Editorial: Why you should care about TransPerfect case

“TransPerfect” is not the most enthralling of headline words.

Of course, these days it’s difficult to rope readers in with headlines that don’t include “Trump,” “Clinton,” “emails” or “Billy Bush.”

While TransPerfect has no facilities or employees in Delaware, the company’s story is one all Delawareans should be following.

According to the state, 64 percent of Fortune 500 companies are incorporated in Delaware. The First State is also the leading jurisdiction for out-of-state incorporations – companies who, like TransPerfect, incorporate here, but are headquartered elsewhere.

Right or wrong, the state is heavily dependent on the money it makes off of the incorporation business. That dependence has only grown as major employers have left the state or significantly downsized their presence here.

In fiscal year 2015, according to financial reports, 230,558 companies paid the state a total of $677 million in corporate franchise tax.

The only other tax to generate more revenue is the personal income tax, which brought in $1.1 billion in FY 2015.

The TransPerfect story is complicated. The company, which started in 1992, handles language and translation services. It employs some 3,000 people and is headquartered in New York City.

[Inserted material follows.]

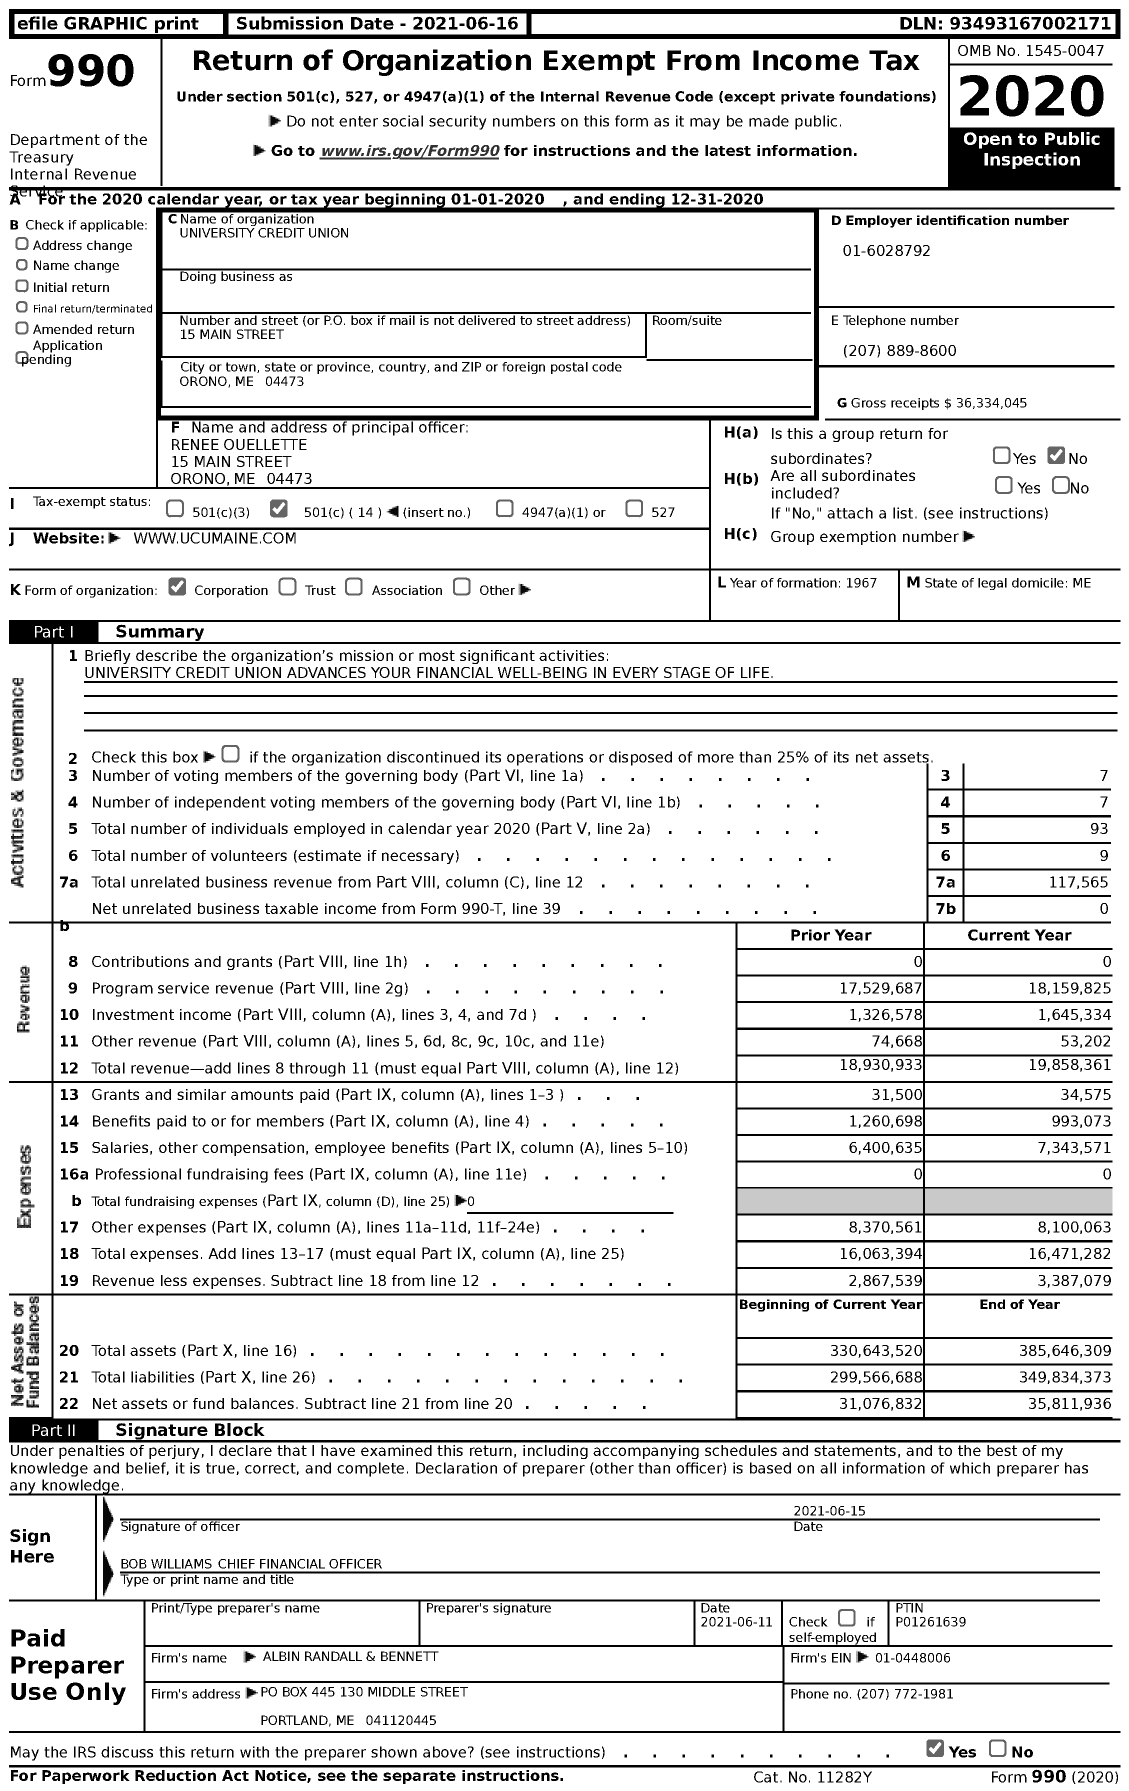 Image of first page of 2020 Form 990 for University Credit Union (UCU)

The company’s founders, Elizabeth Elting and Philip Shawe, were once engaged to be married. Now, they’re on opposite sides of a series of legal disputes that threaten not only the future of TransPerfect and its employees, but of Delaware’s earning potential in the incorporation business.

Part of Delaware’s appeal as a state in which to incorporate is its chancery court, widely considered a business-friendly arbiter of corporate legal issues.

In this case, though, the chancery has failed to moderate resolution in the dispute between Elting and Shawe, each of whom essentially owns 50 percent of the company and accuses the other of gross mismanagement.

That failure is not necessarily the court’s fault. Quite simply, Elting and Shawe despise each other.

In June, Chancery Court Chancellor Andre Bouchard ruled that because Elting and Shawe cannot reach an agreement on the future of TransPerfect, the company must be sold. The next owners are under no obligation to maintain the company’s structure, or even its existence.

Bouchard’s ruling would not have raised eyebrows had TransPerfect been on the brink of bankruptcy.

But, according to Forbes, TransPerfect had $505 million in sales in 2015 and was on track to reach $1 billion in revenue by 2019.

While the ruling has concerned many in the business word, our concern lies with the possible fallout. Already, states that compete with Delaware for incorporation revenue – like Nevada, Oklahoma and Rhode Island – are circling like sharks looking to wrest the business away from us.

With a state budget shortfall estimated at $167 million, Delaware cannot afford to let this revenue stream dry up. Regardless of how the TransPerfect case is resolved, we urge members of the General Assembly to explore what, if any, legislation could help the chancery avoid another similar episode.